───── DATASET CONTENT ─────

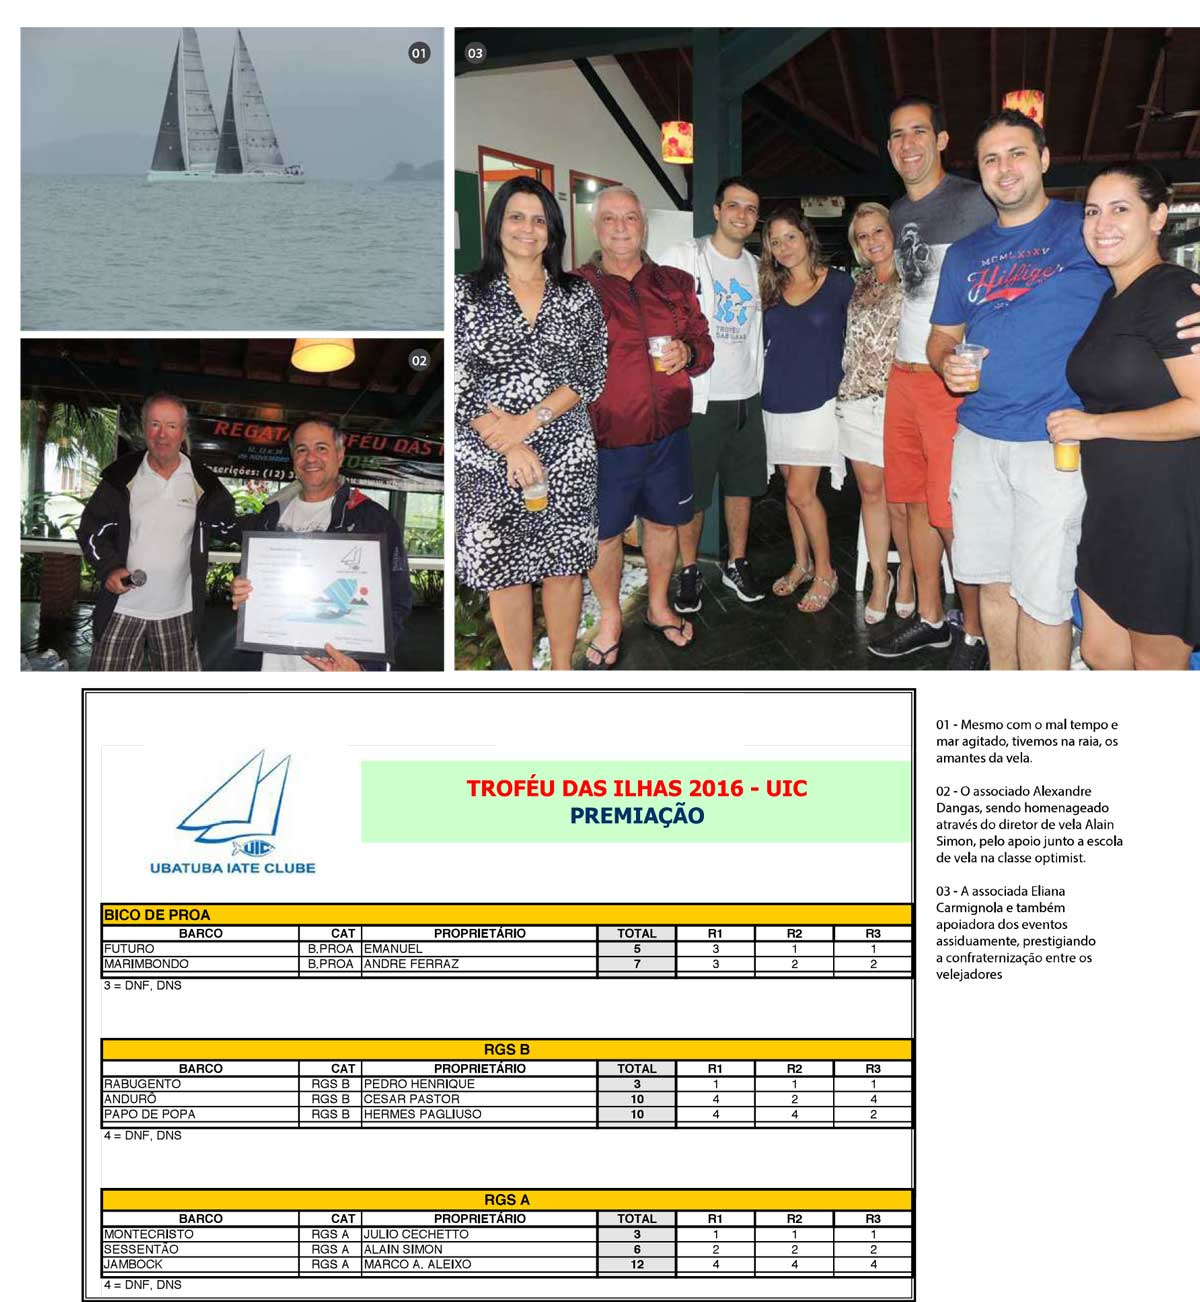 Trofeu-das-Ilhas-2016b_rotated
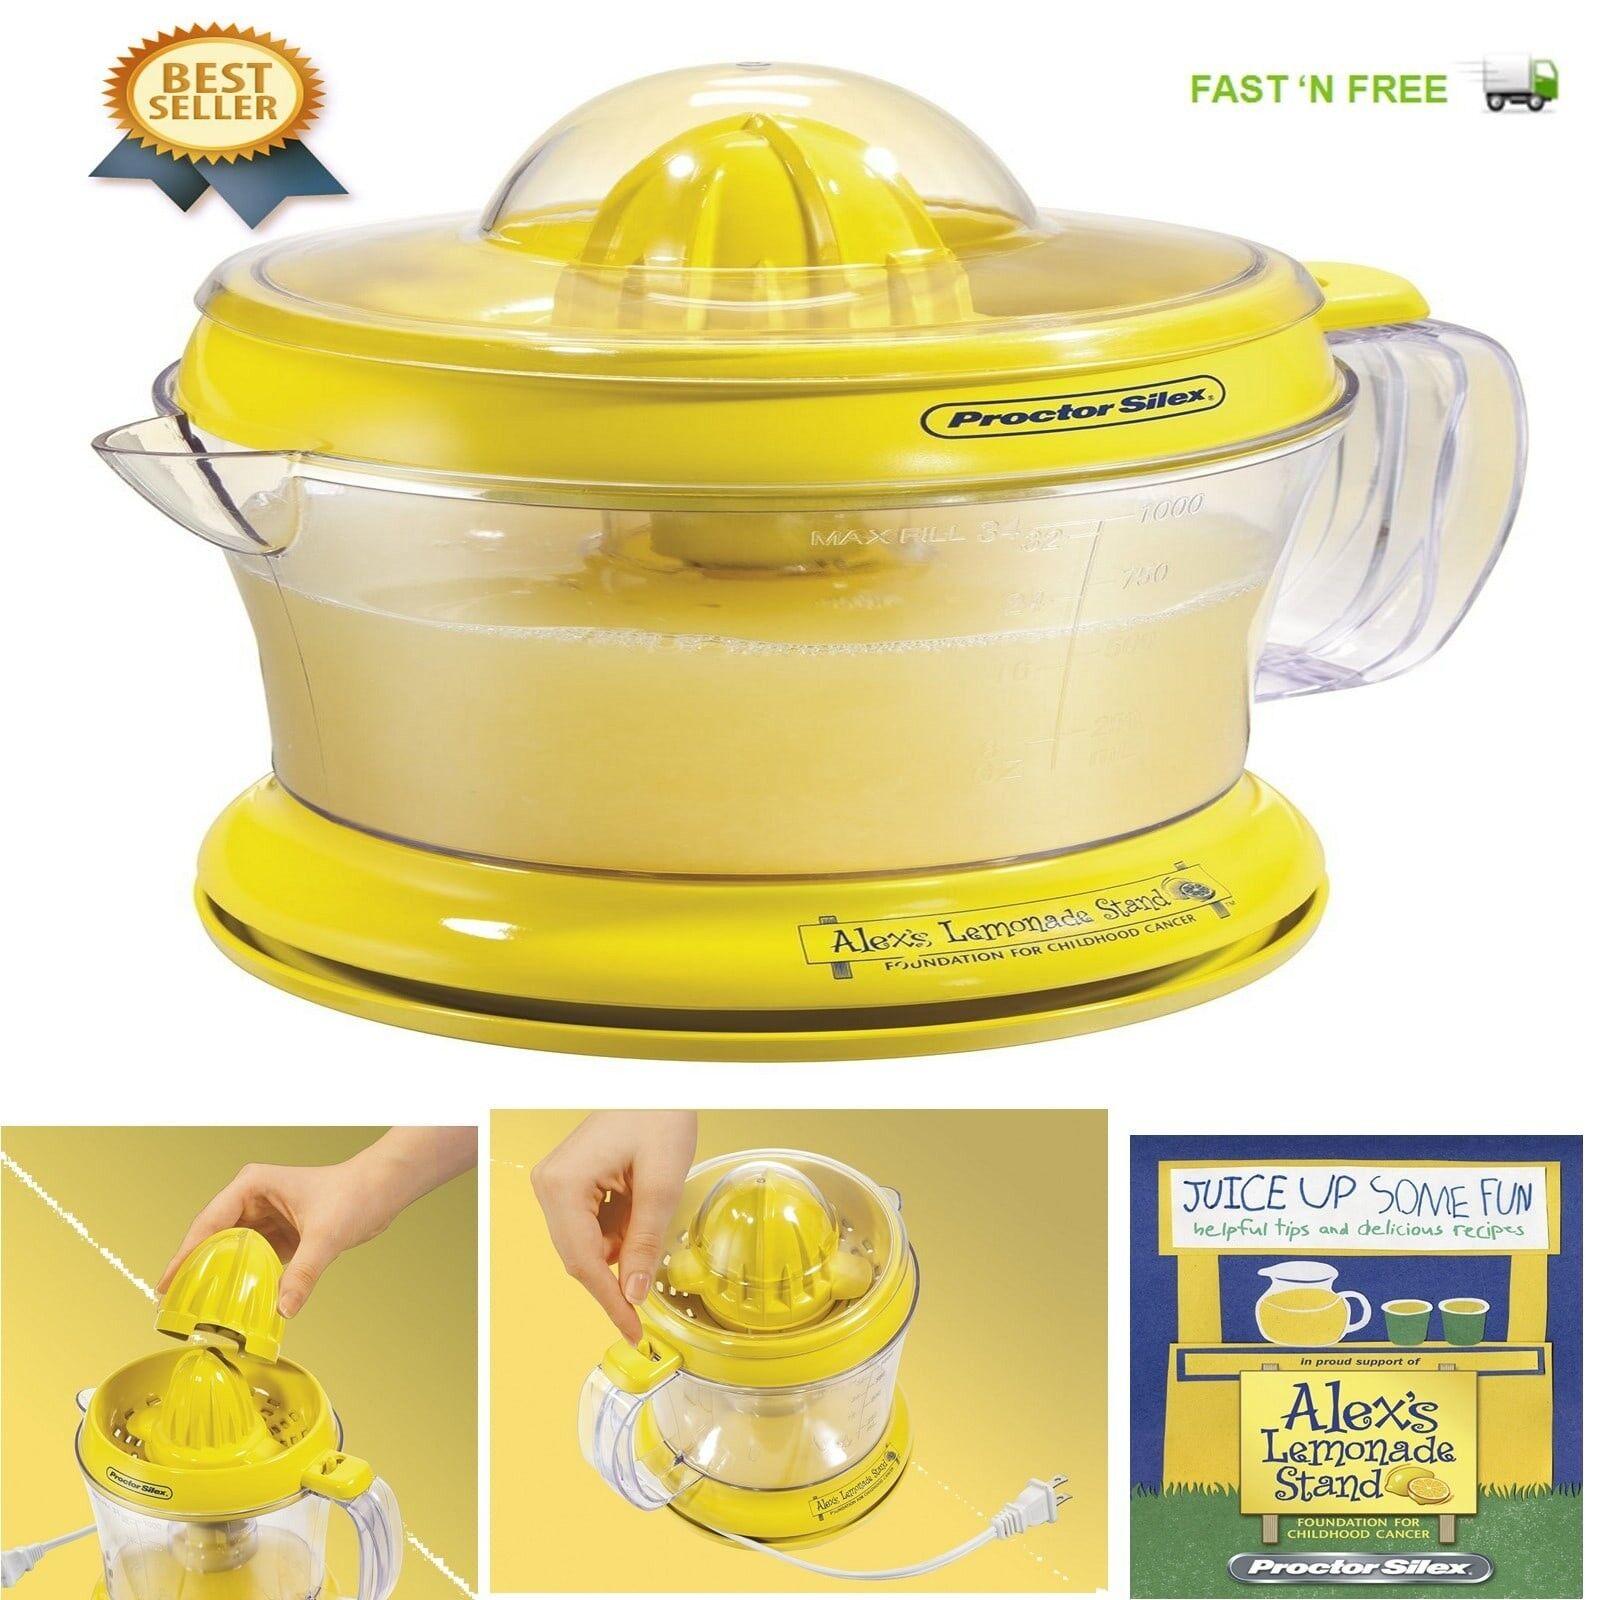 Proctor Silex 66331 Citrus Juicer
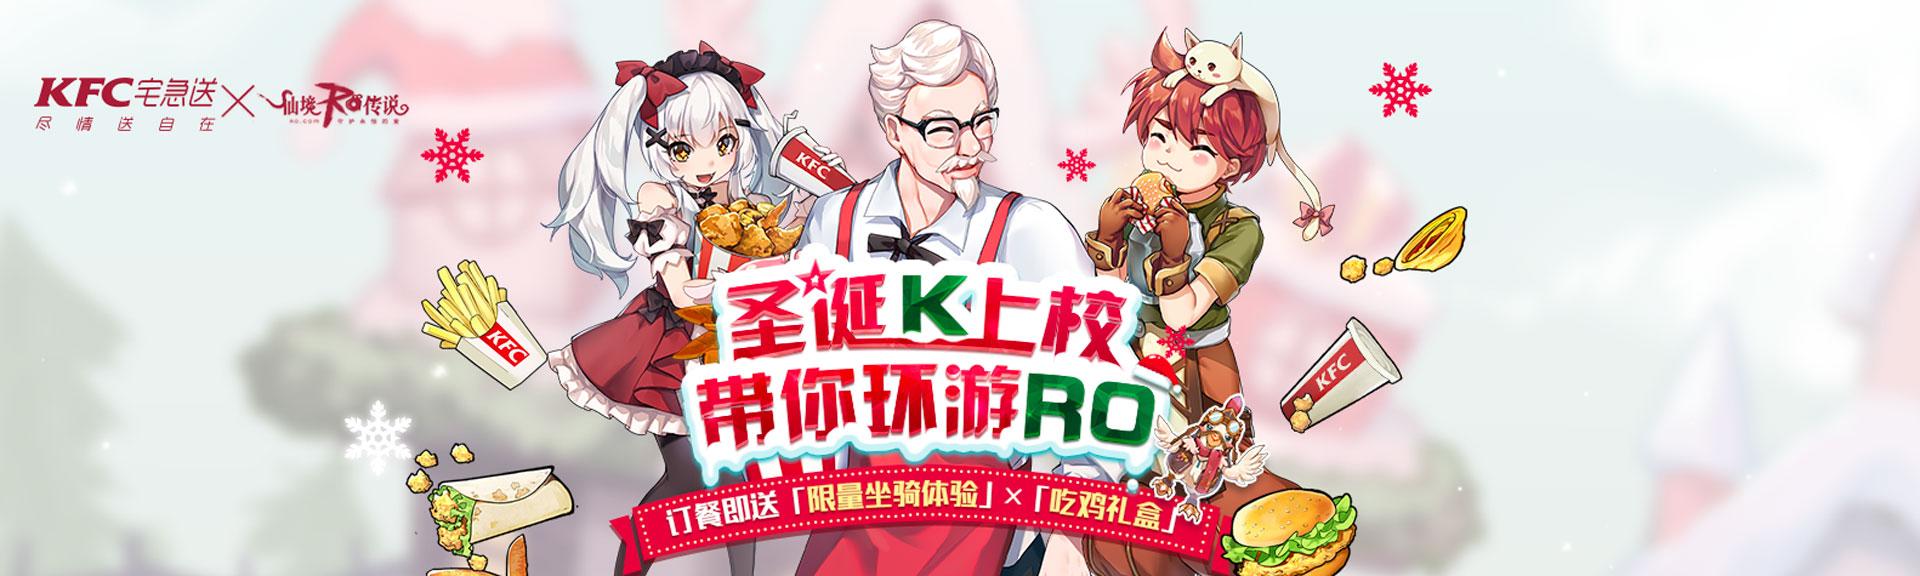 仙境传说RO手游xKFC联动计划全面升级回归,三地主题门店掀起炸鸡旋风
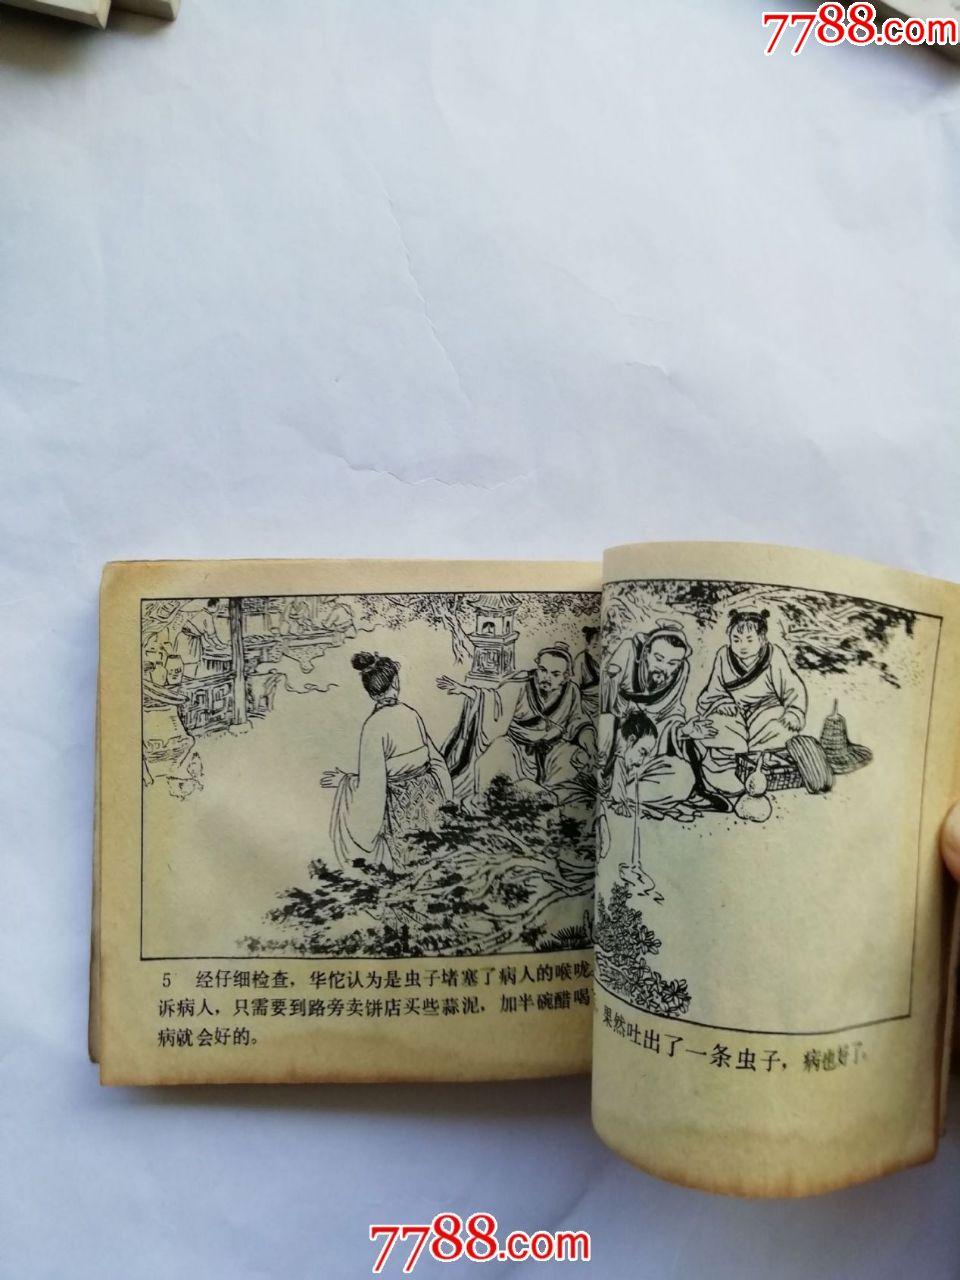 华佗_价格15.0000元【应山书局】_第4张_7788收藏__中国收藏热线

─────

## EXERCISE DIRECTIONS
Retype the data in full. Images do not go in the copy.

## ANSWER SPACE
 Trofeu-das-Ilhas-2016b_rotated
 Proctor Silex 66331 Citrus Juicer
 仙境传说RO手游xKFC联动计划全面升级回归,三地主题门店掀起炸鸡旋风
 华佗_价格15.0000元【应山书局】_第4张_7788收藏__中国收藏热线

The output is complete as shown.